The gsl library documentation about the multidimensional minimization algorithms reads:
You must provide a parametric function of n variables for the minimizers to operate on. You may also need to provide a routine which calculates the gradient of the function and a third routine which calculates both the function value and the gradient together.
The example provided define such functions as follows (I omitted problem specific details, replaced by ...):
The function f itself
double
my_f (const gsl_vector *v, void *params)
{
...
return rv;
}
The gradient of f, df = (df/dx, df/dy).
void
my_df (const gsl_vector *v, void *params, gsl_vector *df)
{
...
gsl_vector_set(df, ...);
gsl_vector_set(df, ...);
}
And finally, the third function to compute both f and df together
void
my_fdf (const gsl_vector *x, void *params, double *f, gsl_vector *df)
{
*f = my_f(x, params);
my_df(x, params, df);
}
These three are members of a struct type gsl_multimin_function_fdf, which is eventually passed to the minimizer.
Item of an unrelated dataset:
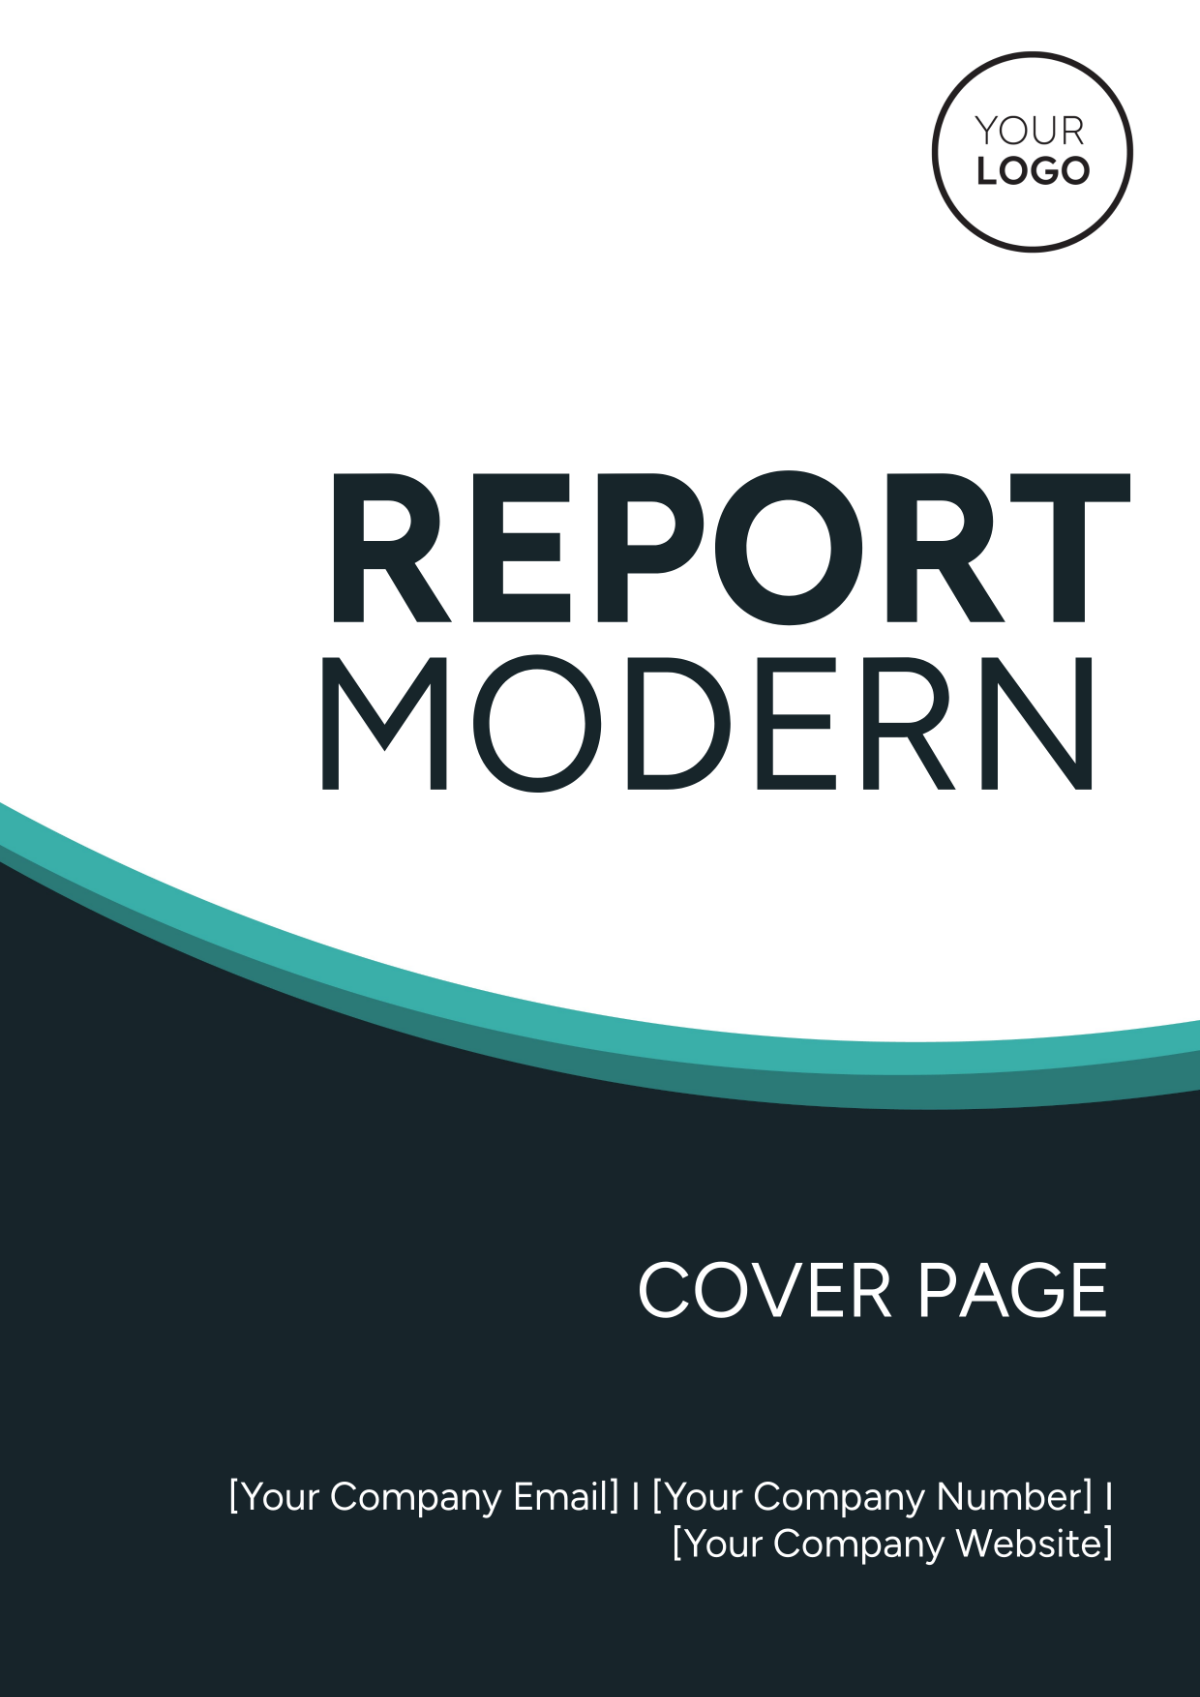 Report Modern Cover Page
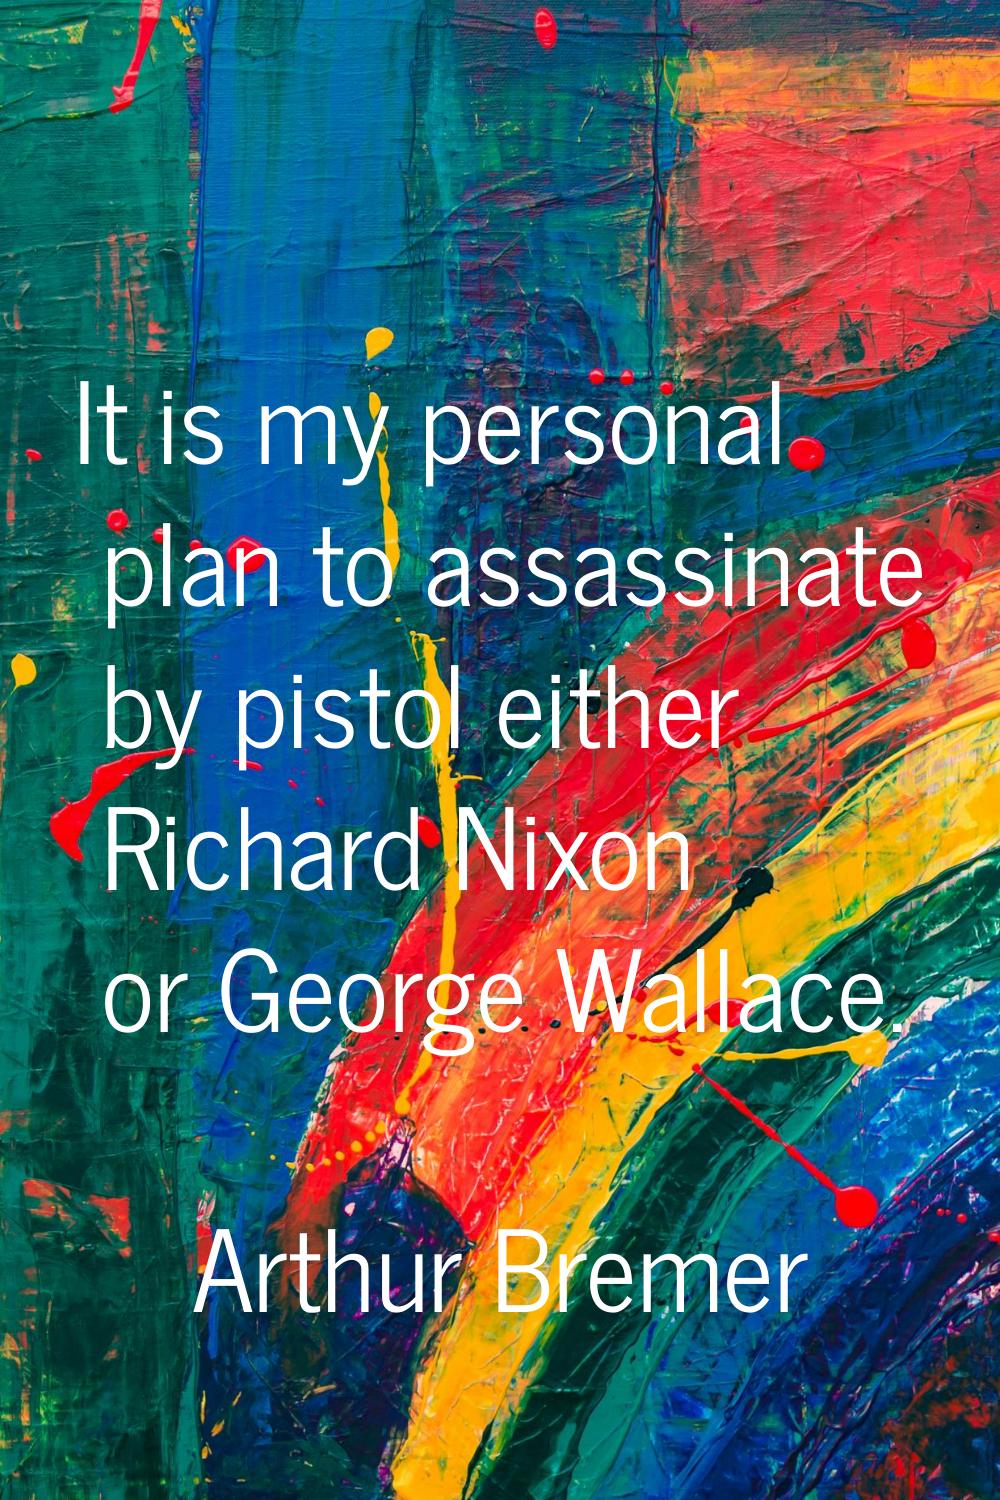 It is my personal plan to assassinate by pistol either Richard Nixon or George Wallace.

There are several cases in which once the function value is calculated, its derivative may be more easily calculated, e.g.: Let f(x,y) = exp(x * g(y)), where g(y) may be expensive to compute, then it's convenient to do simply df/dx = g(y) f(x,y) using g(y) = log(f)/x.
Now, as far as I can learn from the example, the minimizer requires the function and its derivative to be defined independently, while the third definition looks like a dummy wrapper.
Is it possible to define these functions in a way such that the function and its derivative can actually be calculated within the same scope?
Edit:
In the documentation, regarding fdf, it is stated
This function provides an optimization of the separate functions for
f(x)andg(x)—it is always faster to compute the function and its derivative at the same time.
Yet, I'm not certain how. Scanning through the header, I found there are three macros defined, one for each of these three functions
#define GSL_MULTIMIN_FN_EVAL_F(F,x) (*((F)->f))(x,(F)->params)
#define GSL_MULTIMIN_FN_EVAL_DF(F,x,g) (*((F)->df))(x,(F)->params,(g))
#define GSL_MULTIMIN_FN_EVAL_F_DF(F,x,y,g) (*((F)->fdf))(x,(F)->params,(y),(g))
which seem to be called alternatively, depending on the optimization algorithm used. Could someone confirm this, please? Back to my original question, does this imply that the library user has to check the source to find out what method to use in order to take advantage of the possibility of computing both the function value and its gradient together?
The GSL asks for three functions, (a) one that calculates the value, (b), another that calculates the gradient, and (c) one that calculates both, for exactly the same reason that you are concerned with:
There are several cases in which once the function value is calculated, its derivative may be more easily calculated.
In other words, it can be easier to calculate both value and gradient in one scope than to calculate value and gradient separately. However, evaluating both will be needlessly expensive if the minimizer only needs the gradient, or if the minimizer only needs the value.
Therefore, you should trust the GSL that it knows what it wants. The minimizer will call the third function whenever it needs to know both value and gradient in a specific point, and that it will call the first or second function if it only needs to know either the value or the gradient.
It is up to you to decide whether you want the third function to perform some smart calculations that take advantage of the specific problem, or whether you want it to be a simple wrapper.